Fabrics for such uses can be formed entirely from the treated fibrous
material of the invention, or they can be formed from blends with other
fibers. In particular, the fibrous material of the invention can be used
with flame-retardant fibers having a low moisture-regain, for example
"Nomex" aramid fibers, in fiber blends for woven or knitted apparel. The
material of the invention provides in one fiber both the comfort resulting
from high moisture-regain and substantial flame-retardance. This
combination is also provided in a fiber which can be processed into
fabrics, particularly knitted or woven fabrics for apparel. It may also be
formed into non-woven fabrics.
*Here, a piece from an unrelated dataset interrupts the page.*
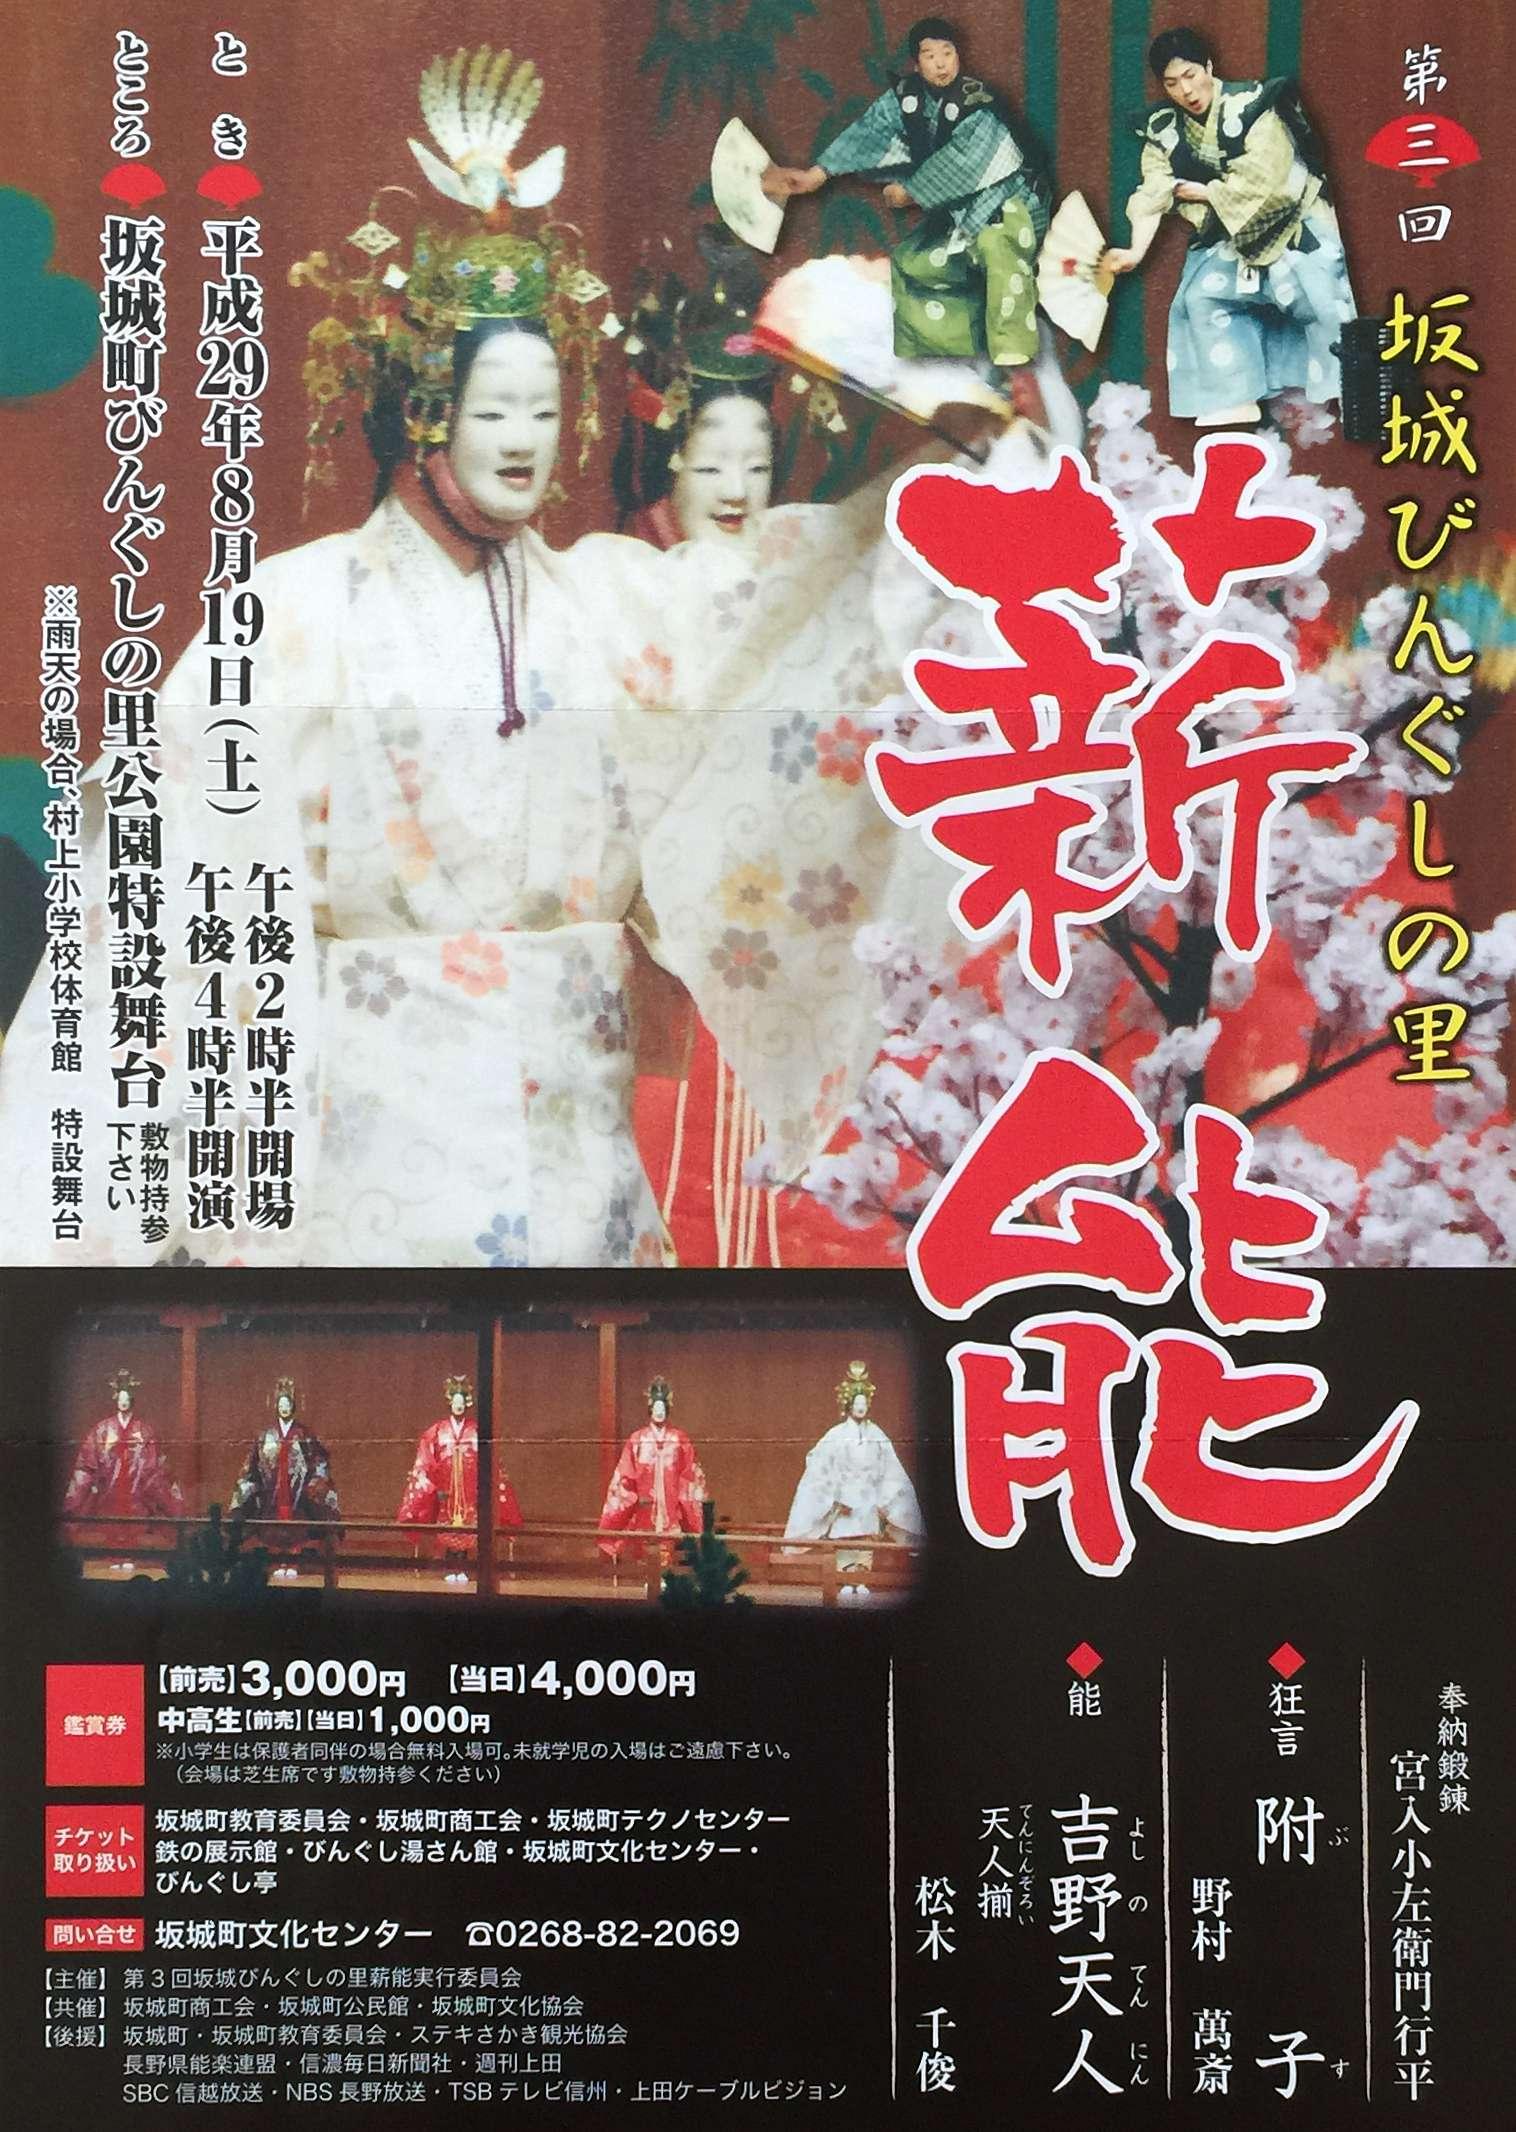 2017年8月19日 坂城びんぐしの里 薪能「吉野天人」

The fibrous material can be used with
modacrylic flame-retardant fibers, such as "Teklan" based on
acrylonitrile/vinylidene chloride copolymer, to improve both the comfort
and the flame-retardance of garments made from the fibers. The fibrous
material can also be blended with flame-retardant viscose, cotton or wool.
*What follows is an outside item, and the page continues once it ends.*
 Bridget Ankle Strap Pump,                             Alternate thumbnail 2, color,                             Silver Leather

Treatment with guanidine has several advantages over treatment with
cyanoguanidine described in GB-A-1593184. Guanidine gives fibrous material
which is of improved light-fastness and which can be more easily
decoloured. Guanidine-treated fiber also gives 25% more dye uptake on
dyeing. Guanidine can be applied in a shorter reaction time and using less
reagent to give a fiber of equal LOI. Moreover, it releases substantially
no impurities into the glycol solvent so that the solvent can be recovered
and repeatedly re-used by the addition of further guanidine. By contrast,
when cyanoguanidine was used in the ethylene glycol solvent, a precipitate
was observed in the solvent. This precipitation resulted in an increase in
the viscosity of the solution with a consequent poor heat transfer to the
ethylene glycol, and this meant that it was difficult to heat the
solution. The precipitate also tended to be filtered out by the fibers
being treated and thus contaminated the fibers. Furthermore, the
precipitate, the nature of which was not determined, was difficult to
remove from the ethylene glycol and made it difficult to recycle and reuse
the solvent--with attendant cost and effluent treatment problems.
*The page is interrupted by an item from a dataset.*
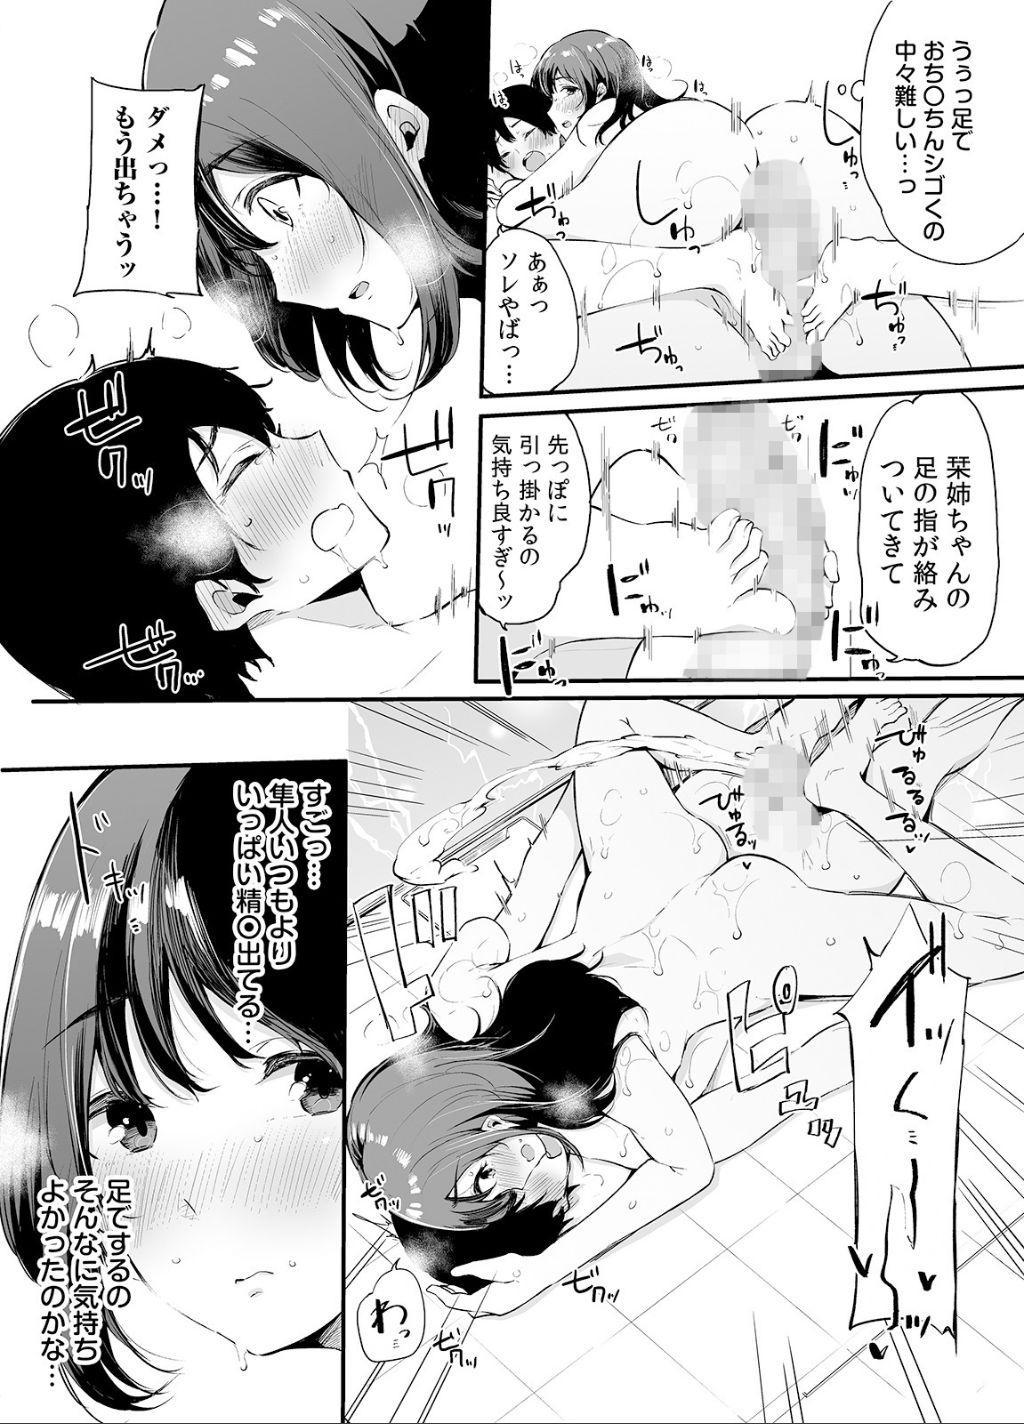 Otouto ni Ero Manga to Onaji Koto o Sare Chau o Nee-chan no Hanashi 2 69

The invention is illustrated by the following Examples.
EXAMPLE 1
1.1 Manufacture of flame-retardant fiber
20 kg of "Courtelle" (Registered Trade Mark) commercial acrylic fiber was
packed in the annular compartment of a package dyeing machine. 180 liters
of a 30 g/liter solution of guanidine carbonate in ethylene glycol was
raised to and maintained at 145.degree. C. and circulated by a pump
through the perforated column around which the fiber was packed,
permeating the fiber, and, thereafter, returning to the pump and heating
coil. The liquor was continuously recirculated for 1.5 hours and then
cooled and recovered and the fiber was drained for 15 minutes.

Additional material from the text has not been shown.